Hot Seat Case # 114 Denouement: 2 week old with bloody stools

Posted on: June 14, 2018, by :

Rachael Batabyal MD, Children’s National Medical Center

Case: 2 week old, ex-FT, with an uncomplicated neonatal course presents with 1-2 days of hematochezia and 2 episodes of non-bloody, non-bilious emesis. She was afebrile and hemodynamically stable with a distended but soft abdomen and clearly bloody stools. Labs: CBC: 7/15/44/346, 10% bandemia, I:T ratio: 0.65. BMP is unremarkable. Blood Glucose was wnl. AXR was clearly abnormal concerning for obstruction.

Here’s How You Answered Our Questions:

Discussion:

This case reminds me of the not so “good ole days” of the NICU. Neonates, not tolerating feeds, I:T ratios. Reaffirms my decision to go into PEM!
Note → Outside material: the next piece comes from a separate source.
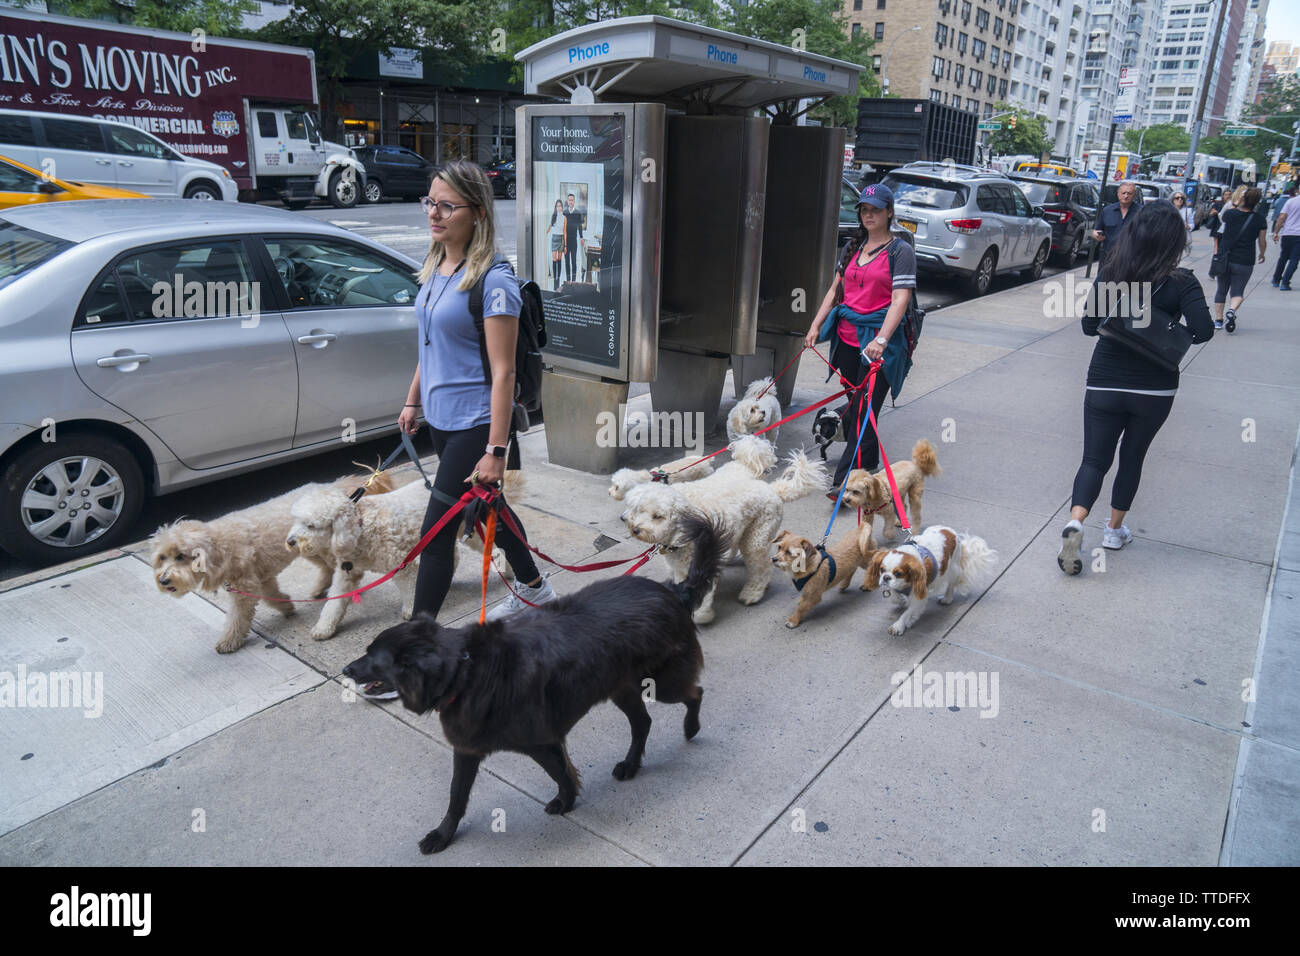 Professional cane camminare può essere un business lucrativo nell'Upper East Side di Manhattan dove i canini sono membri a pieno titolo della famiglia. 3° Avenue vicino a 67t Foto Stock

But all jokes aside, a bleeding neonate is never normal so deserves some sort of workup. How much or how little is the debate of this case. In an otherwise well appearing, afebrile neonate as in this case some providers offered to do no labs and/or imaging, however, the majority felt it was necessary. Dr. Ward stated that obtaining a cbc would help assess not only the cell lines, but, also screen for potential anemia. Dr. Chamberlain had another purpose for the CBC which was to screen for potential eosinophilia in the setting of milk protein allergy. As far as the sepsis evaluation, only one of the respondents felt it was necessary. In fact, Dr. Lindgren made the point that this child is likely not going to be discharged from the ED so the workup can be done as an inpatient if deemed necessary. In the same vane, the group agreed that this decision would not affect them covering with broad spectrum antibiotics.

Another poll question from Dr. Batabyal was regarding imaging and if people would obtain any in that matter. Four respondents felt that they would not, however, again the live group came to the consensus that imaging was a must for this child. Dr. Batabyal also posed the question of the utility of an abdominal ultrasound to assess for possible malrotation. Dr. Chapman felt it would not suffice and that this child truly needs an upper GI series immediately. Dr. Ward also made the astute point that in a gaseously distended child, you may not find an acoustic window easily to obtain adequate images.

In closing, Dr. Chamberlain with his many many wise years of experience reminded us that our major priorities for this child from an ED perspective are intesttional decompression and anticipation of fluid resuscitation as these children can have massive fluid losses from third spacing.

Denouement:

The patient was admitted to the NICU for concern for Hirschprung’s enterocolitis. Blood cultures were ultimately negative but the baby had improvement in symptoms with antibiotics so completed a 7 day course. A rectal biopsy was performed that was negative for Hirschprung’s Disease (ganglion cells present). Feeds were restarted with a hydrolyzed formula, without return of symptoms. The baby was discharged home on a formula change secondary to presumed milk protein enterocolitis.

https://www.ncbi.nlm.nih.gov/pmc/articles/PMC3853857/

Interestingly, the literature has reported that cow’s milk protein allergy can mimic Hirschprung’s disease and malrotation. The case report above is of a neonate with a history who presented with recurrent episodes of segmental enteritis ultimately leading to peritonitis.

The information in these cases has been changed to protect patient identity and confidentiality. The images are only provided for educational purposes and members agree not to download them, share them, or otherwise use them for any other purpose.